Unfolding Dynamics of the Cyclic Nucleotide Binding Domain and C-Linker of HCN Channels

Abstract

The cyclic nucleotide binding (CNB) domain of a variety of proteins is composed by a binding pocket formed by several alpha helices and beta sheets. In HCN channels, the CNB domain is connected to the C-linker, forming the cytoplasmic domain that modulates channel gating. We have performed single molecule force spectroscopy experiments on the hHCN4 construct formed by 203 aminoacids spanning the C-linker and the CNB domain (from aa 521 to aa 723).
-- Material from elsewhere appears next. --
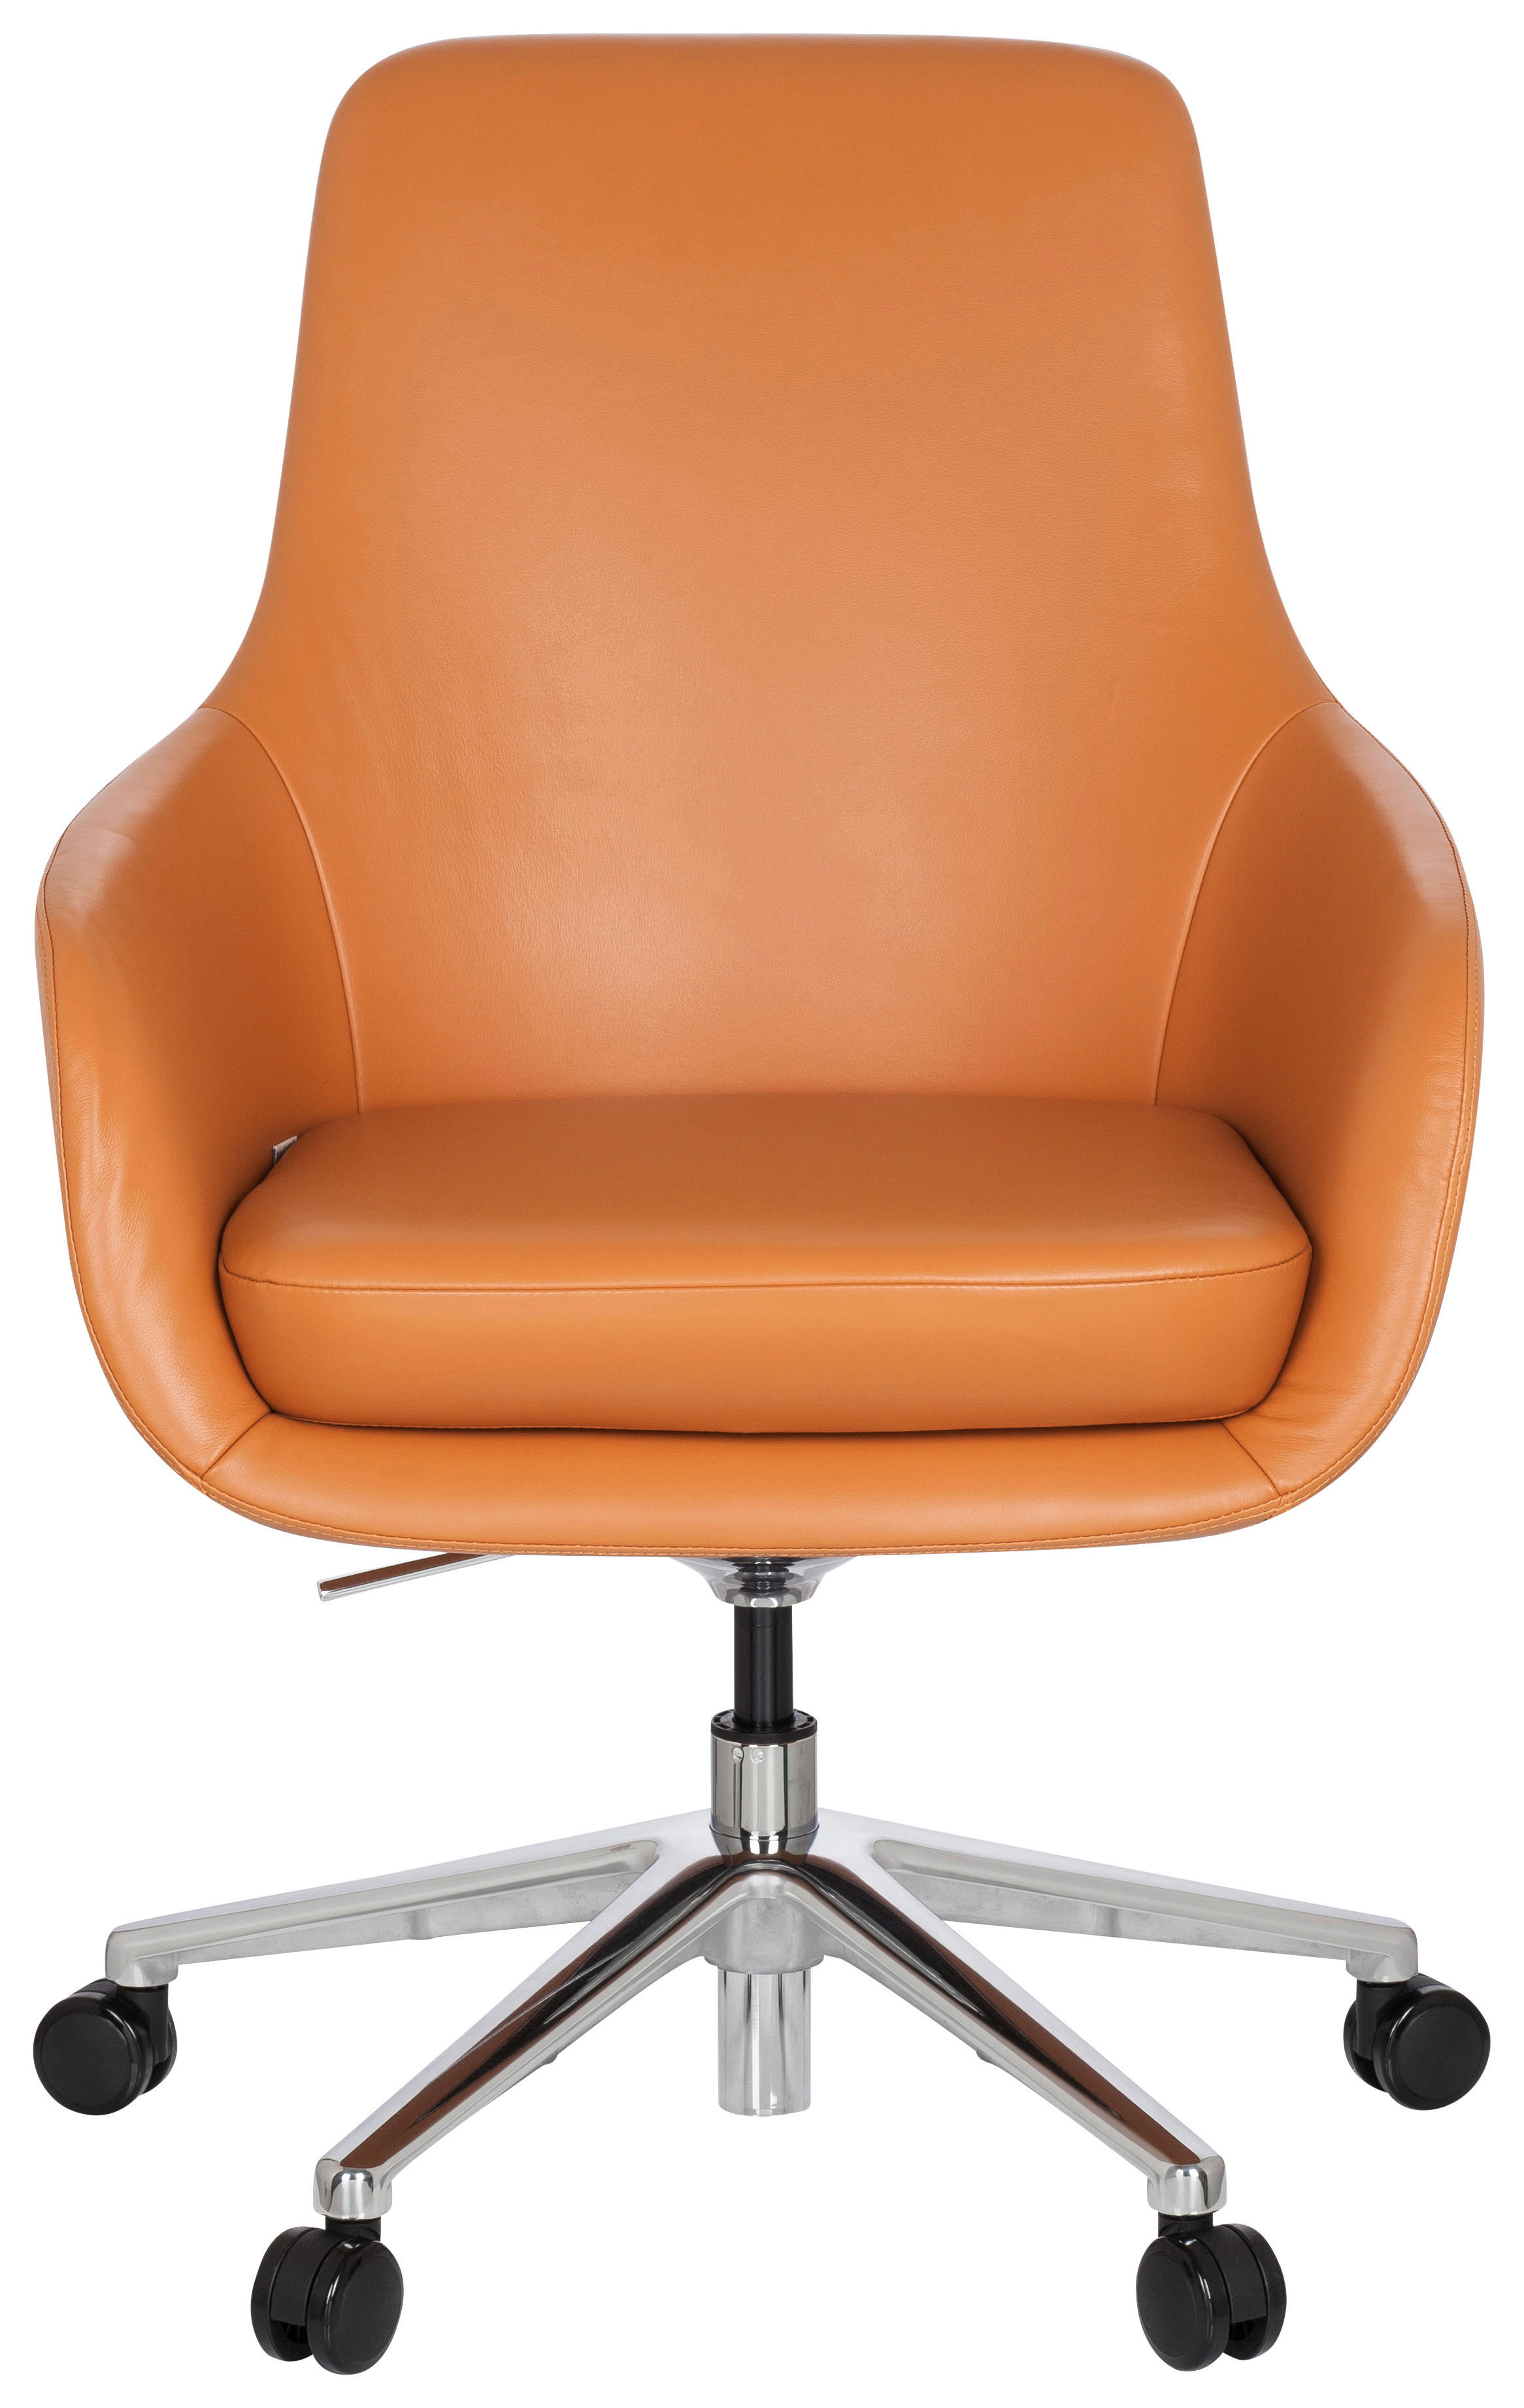 DREHSTUHL Lederlook Orange  - Alufarben/Orange, MODERN, Leder/Kunststoff (65/104/54cm) - MID.YOU

The construct was deposited on (3-Mercaptopropyl)trimethoxysilane (MPTs) functionalized mica surfaces and we collected Force-distance (F-d) traces in the absence and in the presence of 2mM cAMP. In the presence of cAMP force peaks at contour length (Lc) of 33.4±1.5, 43±1.5 and 52.5±2nm were detected with forces between 45 and 64pN, and at longer values of Lc corresponding to 63.8±2.5 and 84.5±1.5 nm with forces between 86 and 107pN. In the absence of cAMP force peaks at Lc of 34±1.5, 59.5±2 and 65±1.5 are detected with forces between 46 and 52pN, and at Lc of 74±1.5 and 86±2.5 with forces between 80 and 106pN. As alpha helices unfold at lower forces than beta sheets, these results suggest that F-d traces up to a Lc of about 55nm are associated to the unfolding of alpha helices and from 55 to 90nm to the unfolding of beta sheets. The force peak with a value of Lc around 43nm observed in the presence of cAMP is not seen in the absence of cAMP suggesting that several alpha helices are not properly folded in the absence of cAMP, to a greater extent than previously thought (Taraska et al. 2009). These results suggest also that the beta sheet has a different folding than that in the absence of cAMP.